Visual anticipation of ego and object motion over a short time horizons is a key feature of human-level performance in complex environments. We propose a driving policy learning framework that predicts feature representations of future visual inputs; our predictive model infers not only future events but also semantics, which provide a visual explanation of policy decisions. Our Semantic Predictive Control (SPC) framework predicts future semantic segmentation and events by aggregating multi-scale feature maps. A guidance model assists action selection and enables efficient sampling-based optimization. Experiments on multiple simulation environments show that networks which implement SPC can outperform existing model-based reinforcement learning algorithms in terms of data efficiency and total rewards while providing clear explanations for the policy's behavior.

IJCAI Conference 2018 Conference Paper

An Efficient Minibatch Acceptance Test for Metropolis-Hastings

  • Daniel Seita
  • Xinlei Pan
  • Haoyu Chen
  • John Canny

We present a novel Metropolis-Hastings method for large datasets that uses small expected-size mini-batches of data. Previous work on reducing the cost of Metropolis-Hastings tests yields only constant factor reductions versus using the full dataset for each sample. Here we present a method that can be tuned to provide arbitrarily small batch sizes, by adjusting either proposal step size or temperature. Our test uses the noise-tolerant Barker acceptance test with a novel additive correction variable. The resulting test has similar cost to a normal SGD update. Our experiments demonstrate several order-of-magnitude speedups over previous work.
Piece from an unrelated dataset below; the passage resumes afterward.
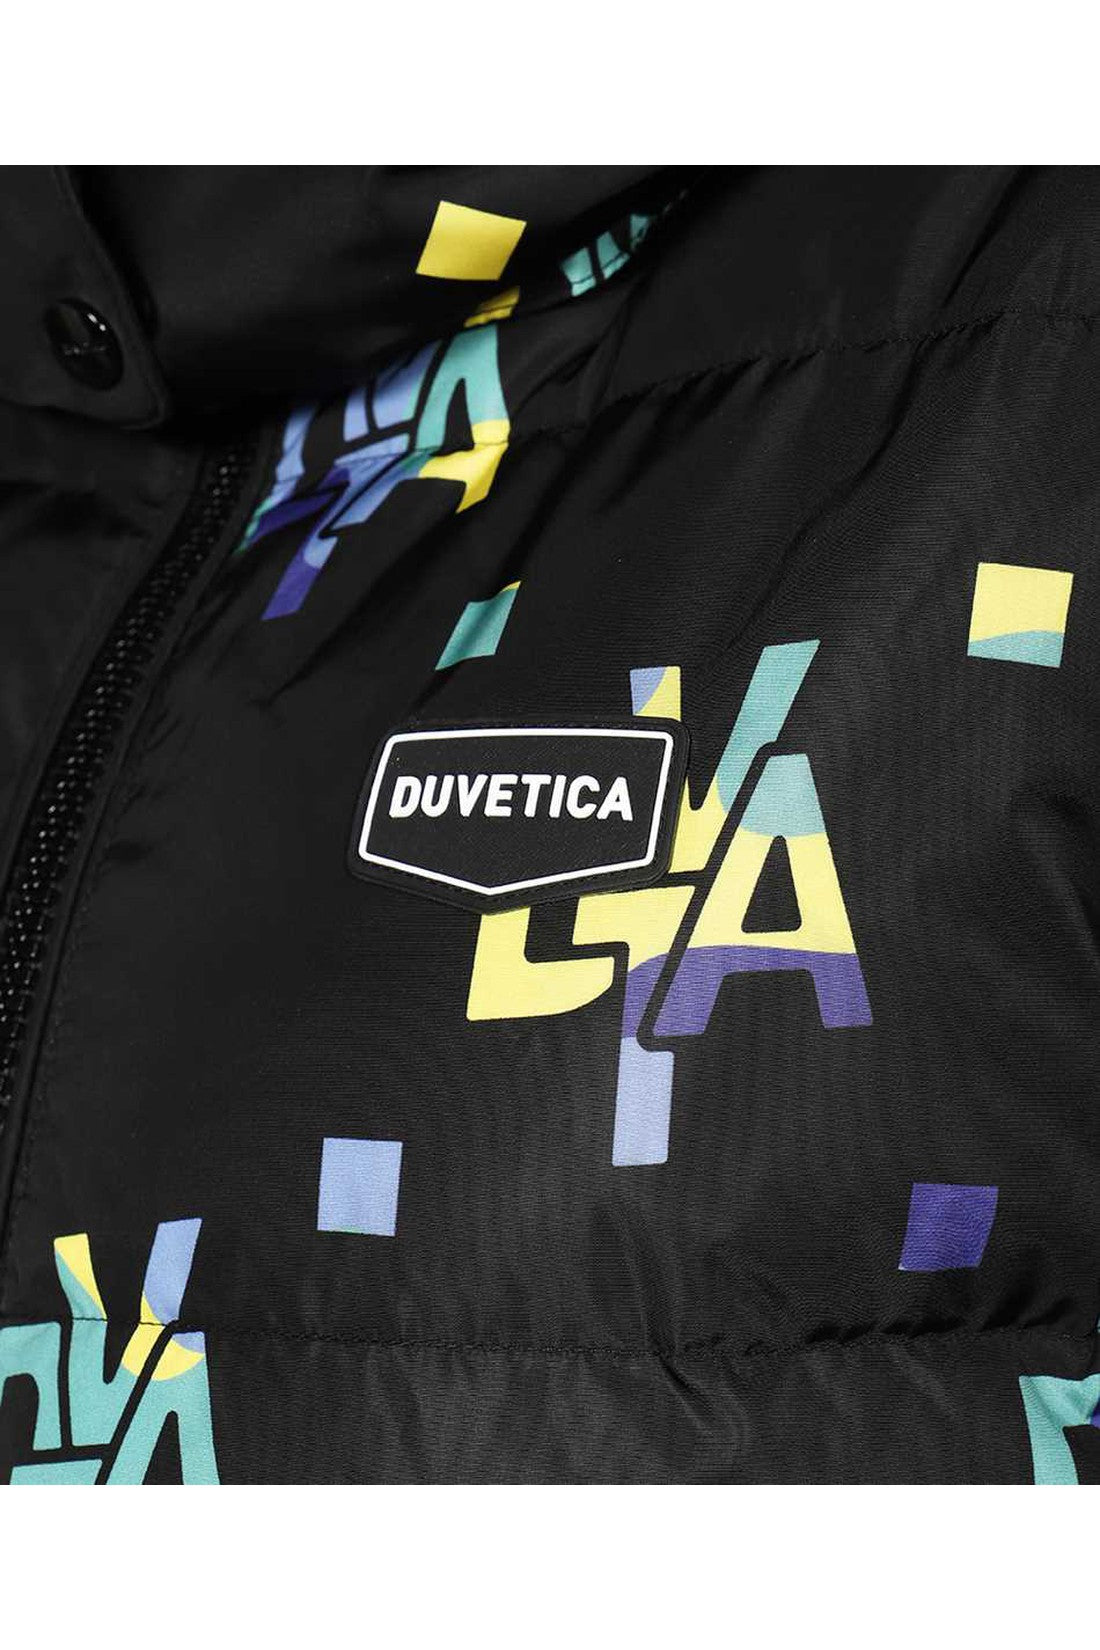 Duvetica-OUTLET-SALE-Short-down-jacket-Jacken-Mantel-ARCHIVE-COLLECTION-3_7ab3d799-8783-4e2c-a793-10222fd212f0.jpg

AAMAS Conference 2018 Conference Paper

Human-Interactive Subgoal Supervision for Efficient Inverse Reinforcement Learning

  • Xinlei Pan
  • Yilin Shen

Humans are able to understand and perform complex tasks by strategically structuring tasks into incremental steps or sub-goals. For a robot attempting to learn to perform a sequential task with critical subgoal states, these subgoal states can provide a natural opportunity for interaction with a human expert. This paper analyzes the benefit of incorporating a notion of subgoals into Inverse Reinforcement Learning (IRL) with a Human-In-The-Loop (HITL) framework. The learning process is interactive, with a human expert first providing input in the form of full demonstrations along with some subgoal states. These subgoal states defines a set of sub-tasks for the learning agent to complete in order to achieve the final goal. The learning agent queries for partial demonstrations corresponding to each sub-task as needed when the learning agent struggles with individual sub-task. The proposed Human Interactive IRL (HI-IRL) framework is evaluated on several discrete path-planning tasks. We demonstrate that subgoal-based interactive structuring of the learning task results in significantly more efficient learning, requiring only a fraction of the demonstration data needed for learning the underlying reward function with a baseline IRL model.

UAI Conference 2017 Conference Paper

An Efficient Minibatch Acceptance Test for Metropolis-Hastings

  • Daniel Seita
  • Xinlei Pan
  • Haoyu Chen
  • John F. Canny

We present a novel Metropolis-Hastings method for large datasets that uses small expected-size minibatches of data. Previous work on reducing the cost of MetropolisHastings tests yield variable data consumed per sample, with only constant factor reductions versus using the full dataset for each sample. Here we present a method that can be tuned to provide arbitrarily small batch sizes, by adjusting either proposal step size or temperature. Our test uses the noise-tolerant Barker acceptance test with a novel additive correction variable. The resulting test has similar cost to a normal SGD update. Our experiments demonstrate several order-of-magnitude speedups over previous work.